Zur Zeit der Fremdherrschaft durch die Franzosen wurde das Dorf 1811 auf Wunsch des größten Teils der Bevölkerung nach Ovenstädt eingepfarrt. Für den nun nötigen Erweiterungsbau der Kirche in Ovenstädt wurden von Münchehagen Bergsteine angefahren. Zur Ausführung des Baues ist es aber nicht gekommen. Im Jahre 1825 kam das Dorf wieder zurück in die Kirchengemeinde Windheim. Von den Steinen wurde die Kirchhofsmauer in Ovenstädt  errichtet.

1795
28 / 04 / 1795

Feuerbrunst auf dem Lindenberg

Die größte bekannte Feuerkatastrophe ereignete sich am 28. April 1795. An diesem Tag brannten auf dem “Lindenberg”, dem höchsten Punkt des Dorfes (Kreuzung Dorfstr.-Brink-Eck) 4 Höfe und das alte Schulgebäude ab.
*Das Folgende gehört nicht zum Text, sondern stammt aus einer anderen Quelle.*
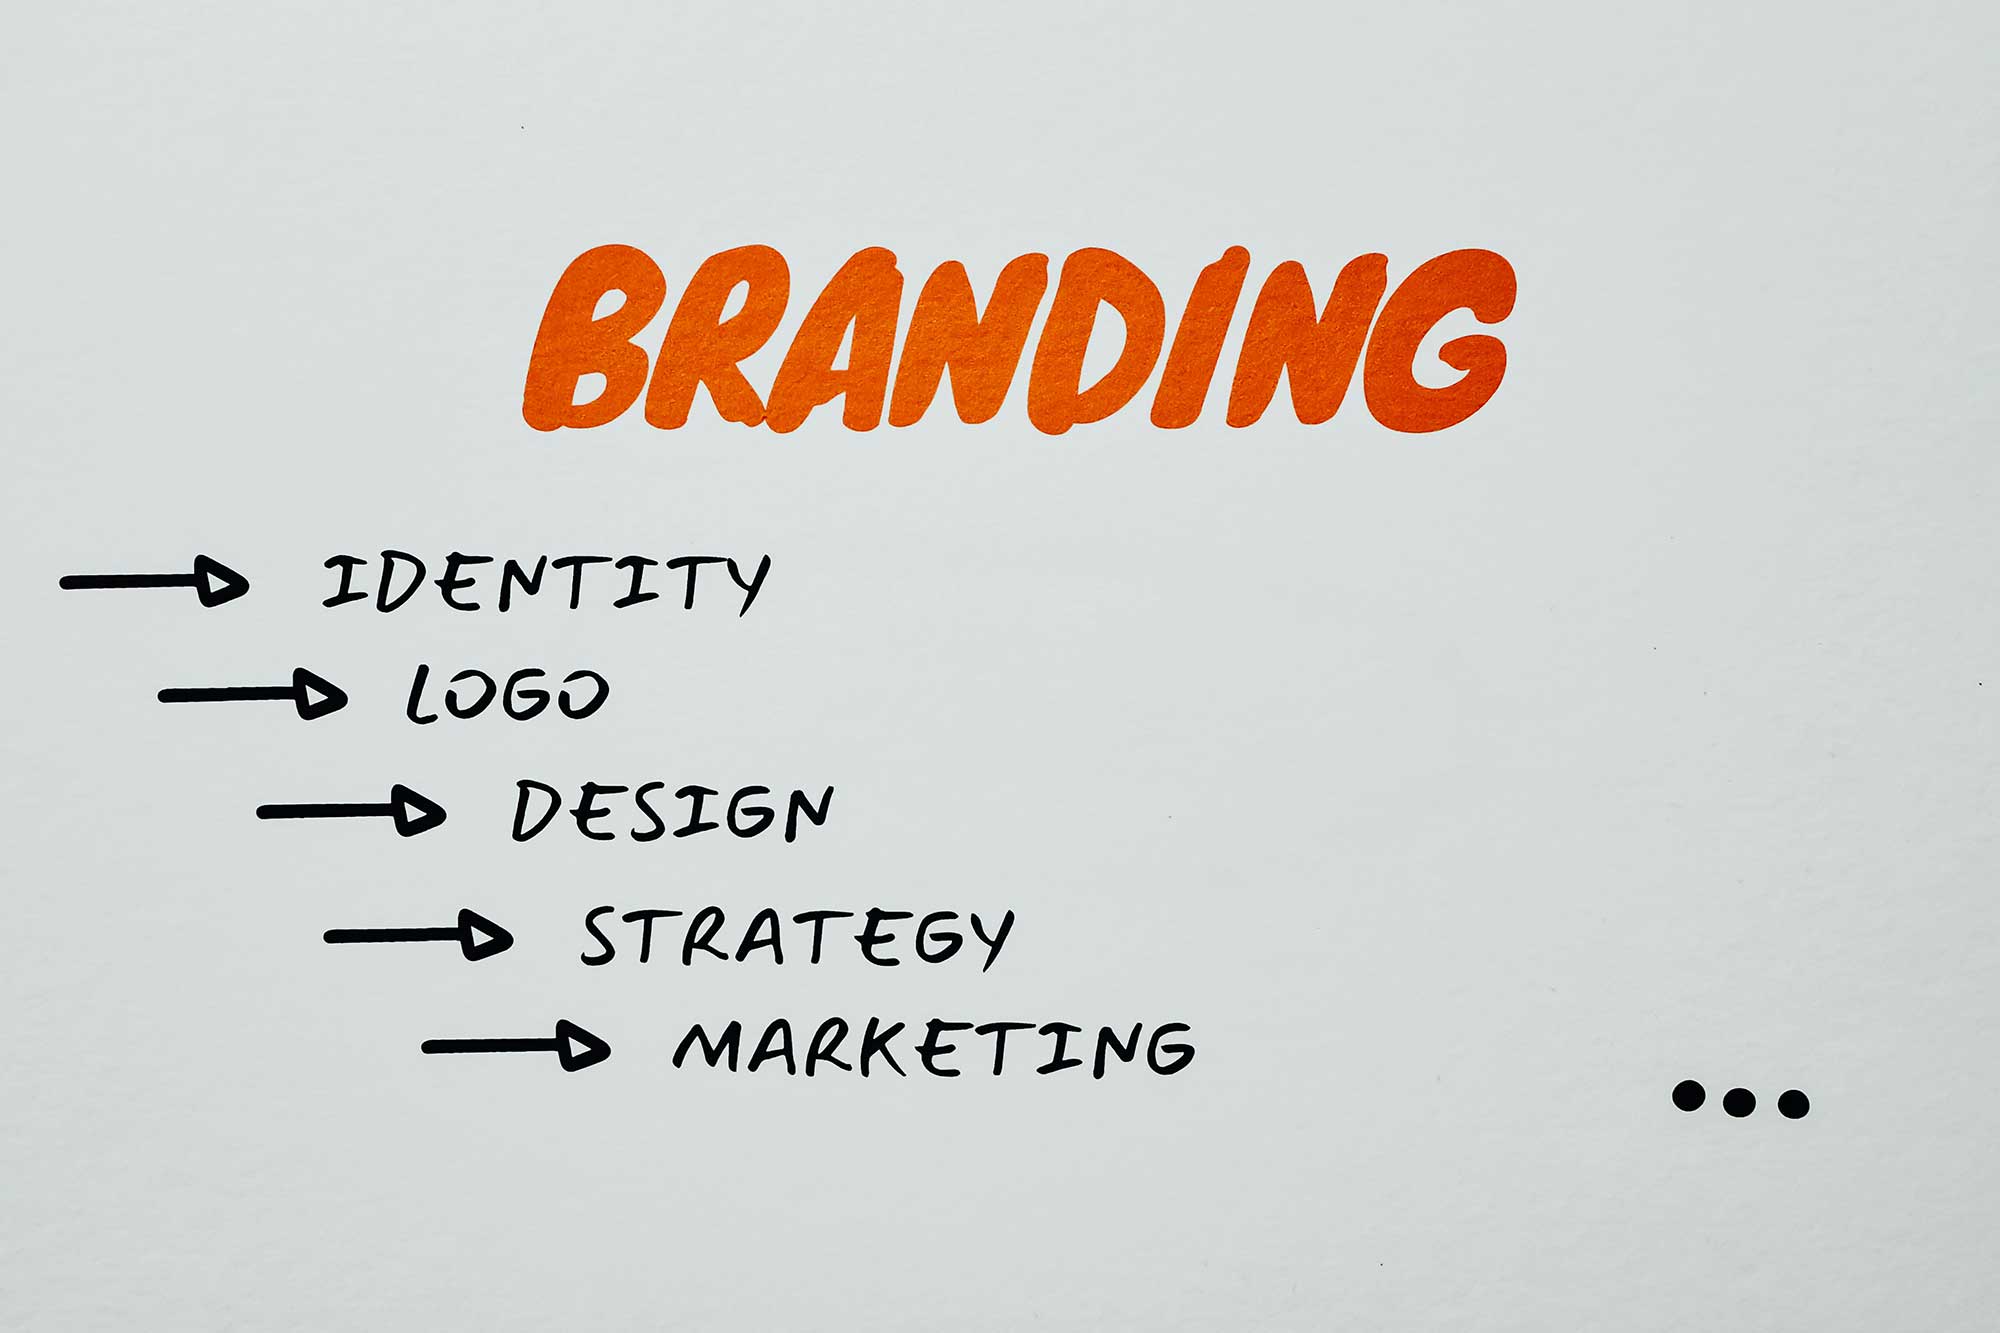 Step to branding include identity, logo, design, strategy, and marketing.

Zwei tote Einwohner, verbrannte Viehbestände und große materielle Verluste waren die Folge. Die Häuser und die Schule werden umgehend aufgebaut, 1796 wird der Schulbetrieb wieder aufgenommen.

1761
01 / 01 / 1761

Brunneninschrift auf dem Meierhof

Brunneninschrift auf dem Meierhof

Dieser Brunnen ist das älteste Zeugnis aus der Zeit vor mehr als 250 Jahren in Hävern. In der Sandsteinfassung erkennt man folgende Initialen : J. Daniel Kaiser AC Elisabey  Hacken 1761. Das bedeutet, Johann Daniel Kaiser aus Hävern war mit der aus Petershagen stammenden Elisabey Hacken verheiratet gewesen. Oberhalb der Inschrift befinden sich links das Familienwappen der Kaisersippe und rechts der Familie Hacken.

1747
01 / 01 / 1747

1747

Aus Amtsunterlagen von 1747 geht hervor, dass damals die Bauernschaft Hävern aus 21 Höfen und 4 Heuerlingshäusern bestand.

1460
01 / 01 / 1460

Werder/Nüring

“Werder“ wird als Wüstung bei Hävern bezeichnet. Diese ist identisch mit der Konsulation “Nüring“, welche den Zehnten (den zehnten Teil des Ertrages an Feld- und Baumfrüchten und des Viehs) an die Obödienz  (geistlichen Oberen) Kutenhausen abführen musste. Nüring ist also der älteste im Zusammenhang mit Hävern überlieferte Familienname. Nüring(ein althochdeutsches Wort) bedeutet soviel wie Nahrung.